Results: Differential effects were observed across stimulus conditions. Children with ASD and unaffected siblings both displayed deficits in low contrast responses, particularly under conditions that emphasize contributions from the magnocellular pathway. Increased neural noise was also observed in both the ASD and unaffected sibling groups. In contrast, the ASD group displayed evidence of strong GABA-ergic inhibition and enhanced short-range lateral interactions. No differences were observed in the excitatory contributions to the VEP in response to the two-sinusoid condition.  

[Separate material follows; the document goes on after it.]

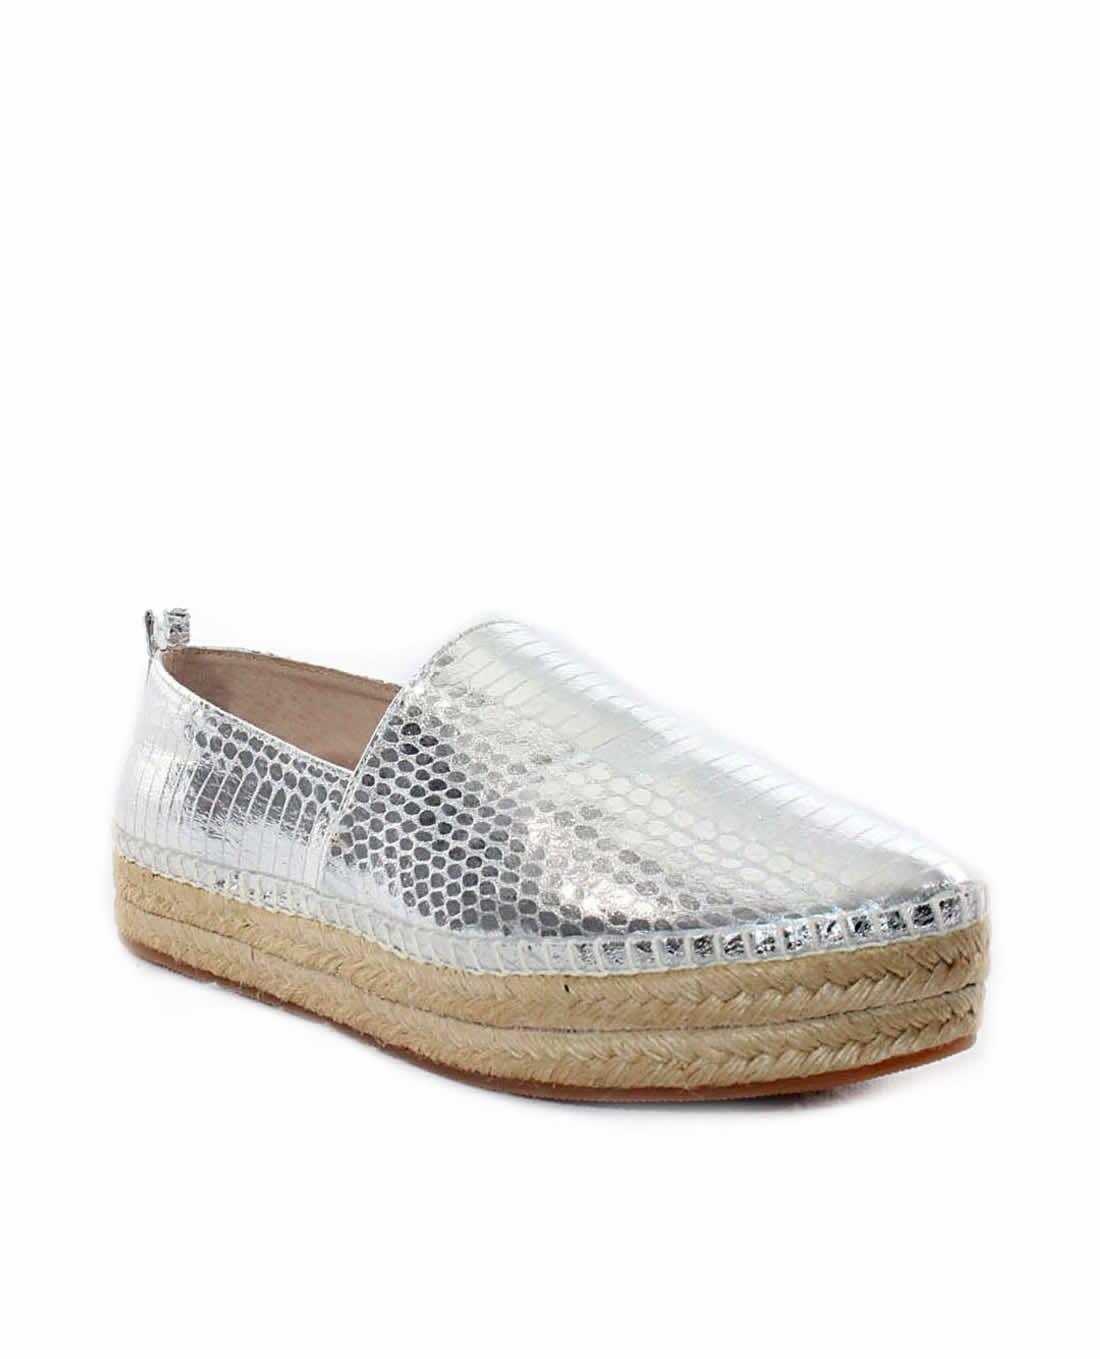 Zapatillas plataforma STEVE MADDEN plata PACIFIC · Comprar ZapatillasZapatos  De ...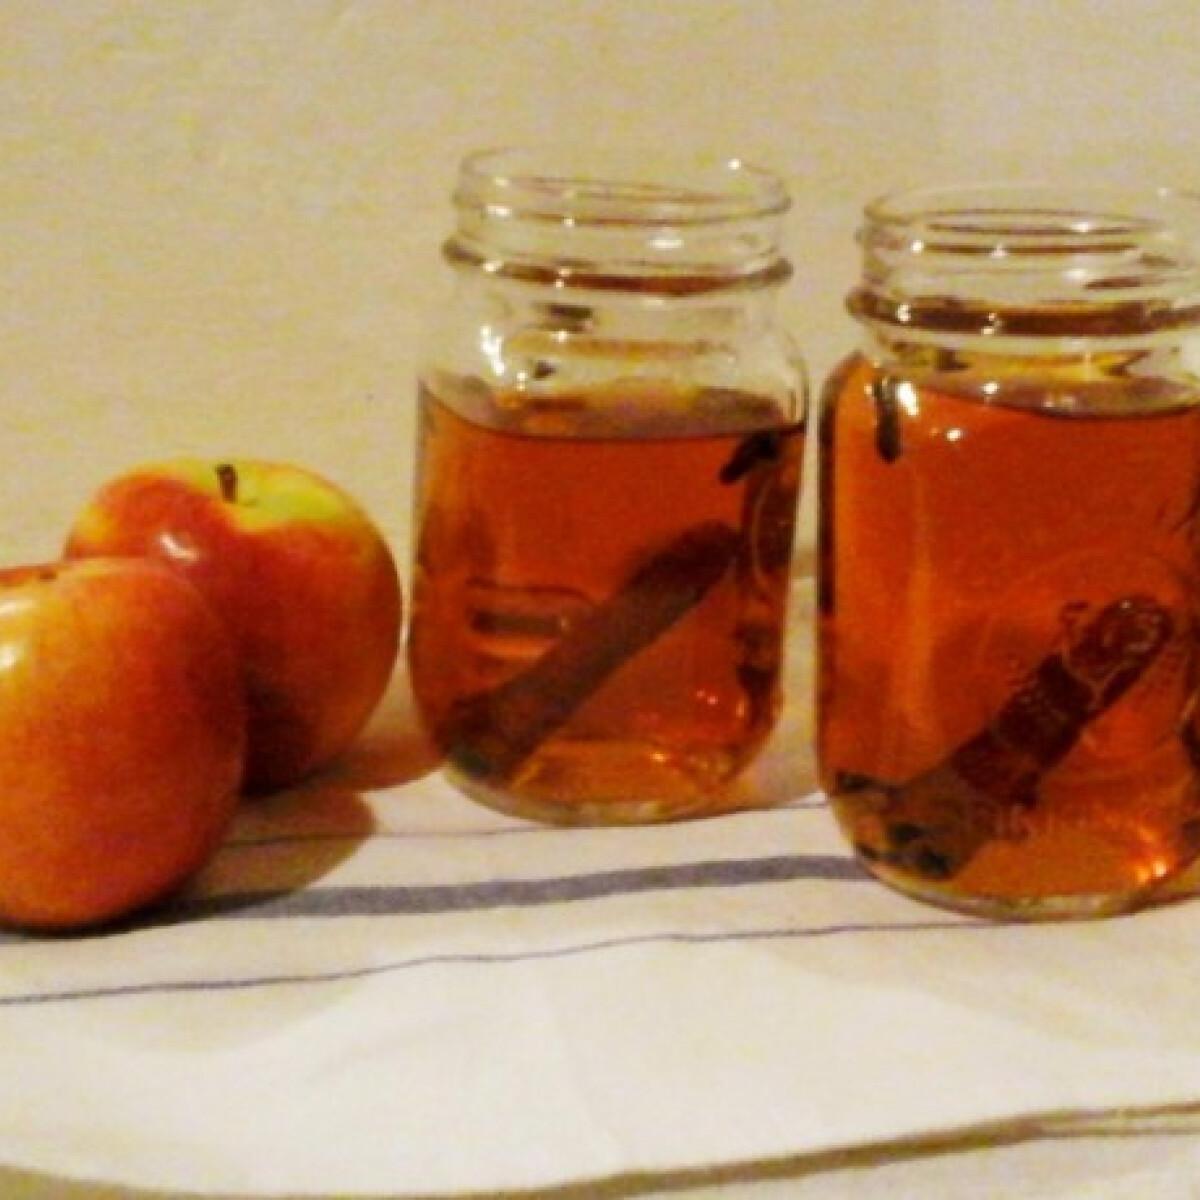 Fűszeres meleg almalé

Conclusions: The use of low-level, non-social, stimuli provide evidence for both enhanced and weakened visual processing in the early visual pathways of children with ASD and unaffected siblings. Further studies are needed to examine whether these differences persist in larger samples and in more specific age cohorts. Short-duration VEPs hold promise as a rapid and reliable method to examine electrophysiological biomarkers, or endophenotypes, of ASD. Findings also demonstrate that short-duration stimuli, in conjunction with multivariate statistical analysis of the brain’s responses, can yield sensitive and objective indices of particular neural pathways.